Monday, 18 June 2018

New bell commemorating former president Havel installed in Prague

6 March 2017

Prague, March 5 (CTK) - A crowd of several hundred people watched the transport of a new bell, called Vaclav, commemorating the legacy of former president Vaclav Havel, across much of Prague to the Saint Gall (Havel) Church yesterday.
The bell was blessed in an ecumenical mass served for the victims of totalitarian regimes by Prague Archbishop, Cardinal Dominik Duka.
The money to cast and install the bell was gained within a public collection organised by the Charter 77 Foundation.
The bell will be ringing for the first time in the Saint Gall Church on the occasion of the end of the anti-totalitarian festival Mene Tekel. This will be followed by other Prague bells that will greet the Vaclav Bell.

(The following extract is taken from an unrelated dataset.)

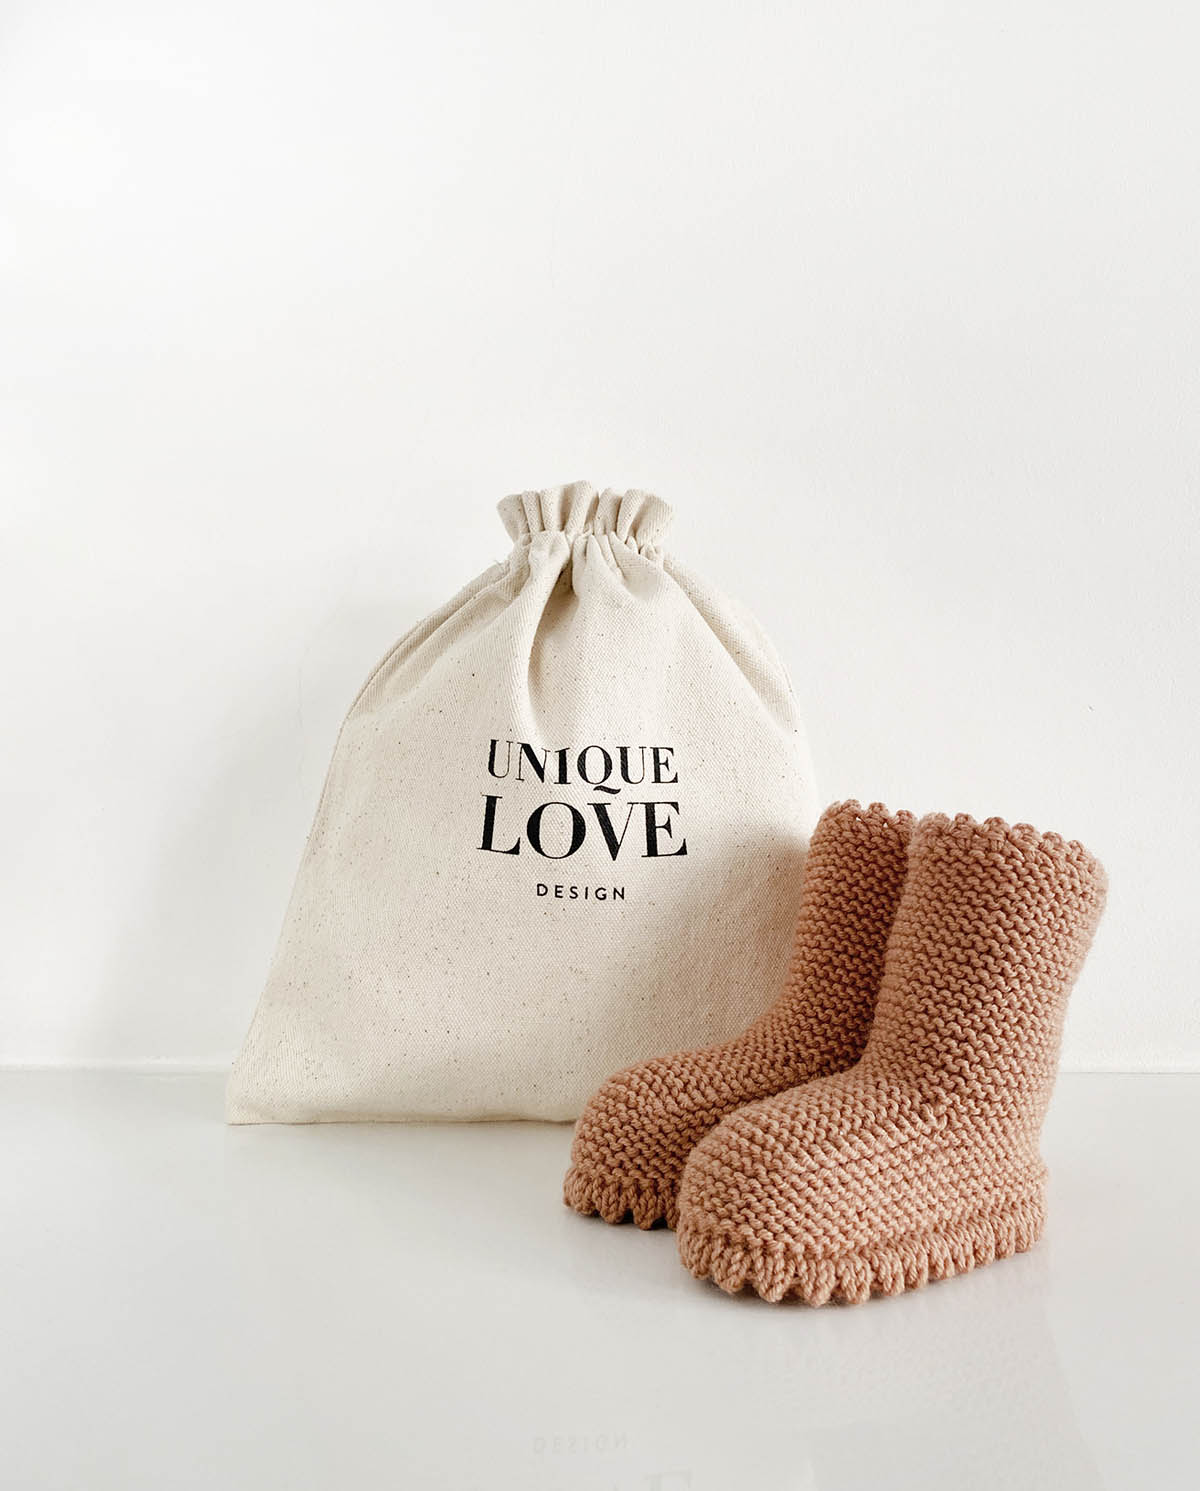 UNIQUE LOVE Strickschuhe Caramel - Bequeme Knit-Boots für jeden Tag

Havel, a leading dissident and playwright, became the first Czechoslovak president after the fall of the communist regime, and he was the first president of the independent Czech Republic in 1993-2003.

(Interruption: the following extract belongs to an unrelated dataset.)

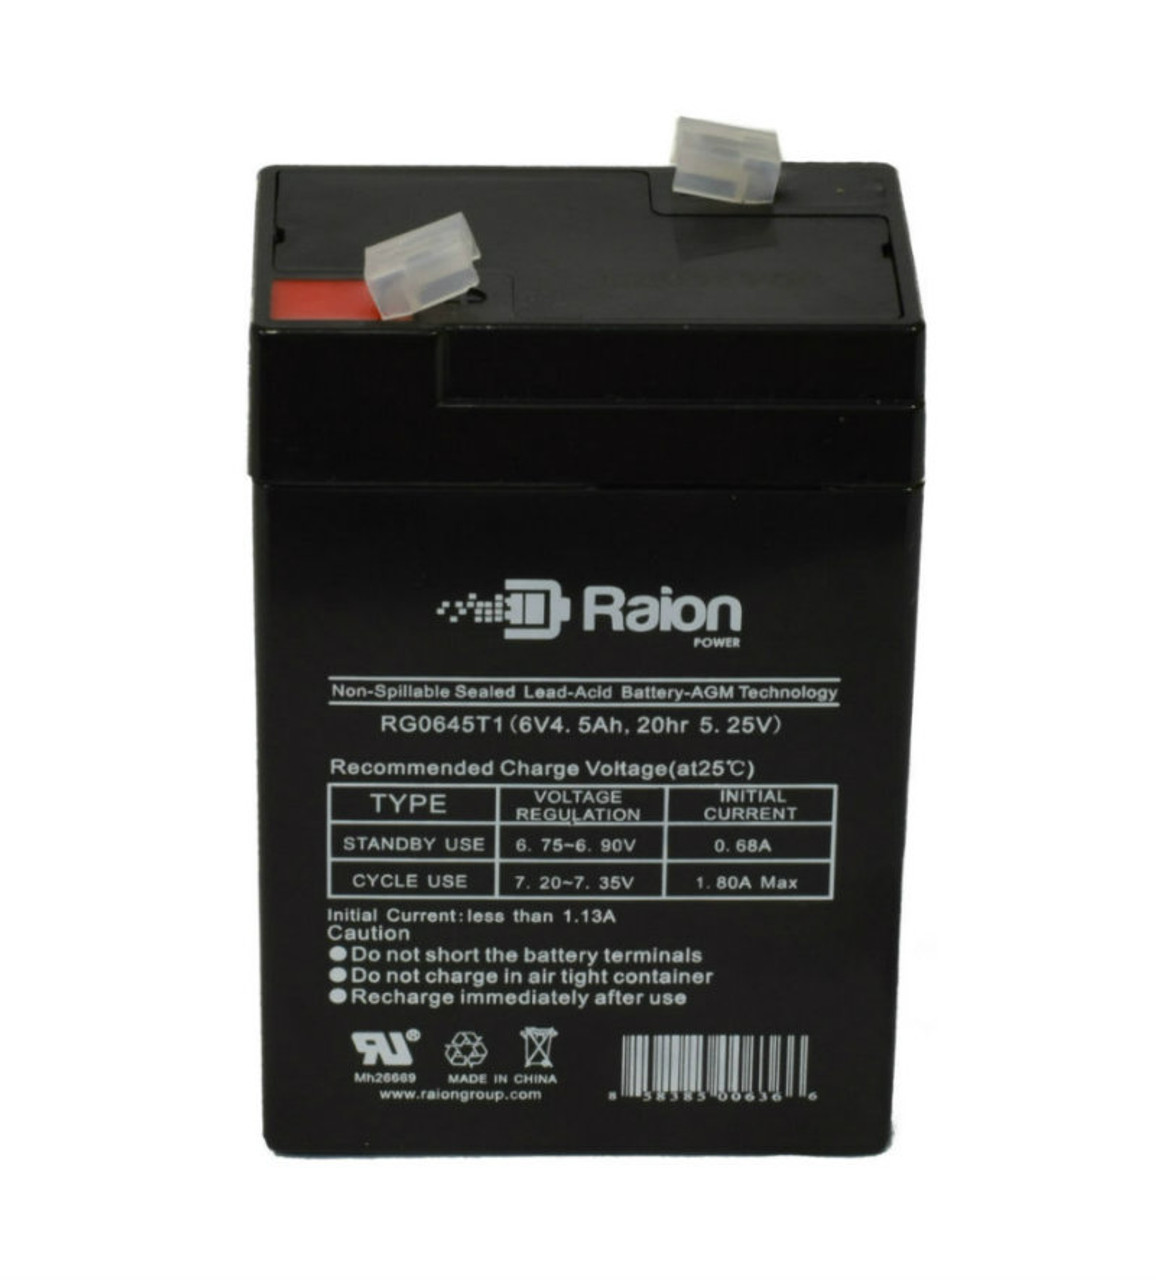 Raion Power RG0645T1 Replacement Battery Cartridge for Yuasa NP4-6

He died in his favourite country house in Hradecek, east Bohemia, on December 18, 2011.
The marchers, many of whom rang their own small bells as a sign of affection for for late Havel, walked from the Hradcanske Square across the medieval Charles Bridge across the Vltava River to the Saint Gall Church.
The costs of the casting and installation of the bell are estimated at roughly 800,000 crowns.
The bell weighs approximately three quarters of a tonne. The collection yielded roughly 1,3 million crowns.
The rest of the money from the collection will be spent on the Vaclav Havel Prize, awarded by the Parliamentary Assembly of the Council of Europe in cooperation with the Charter 77 Foundation and the Vaclav Havel Library.
The bell will be installed in the southern church tower where it has been lacked since World War Two.
The Vaclav Bell will be in the church along with the oldest bell in Prague, called Marie, dating back to 1455.
The church itself was founded in the 13th century.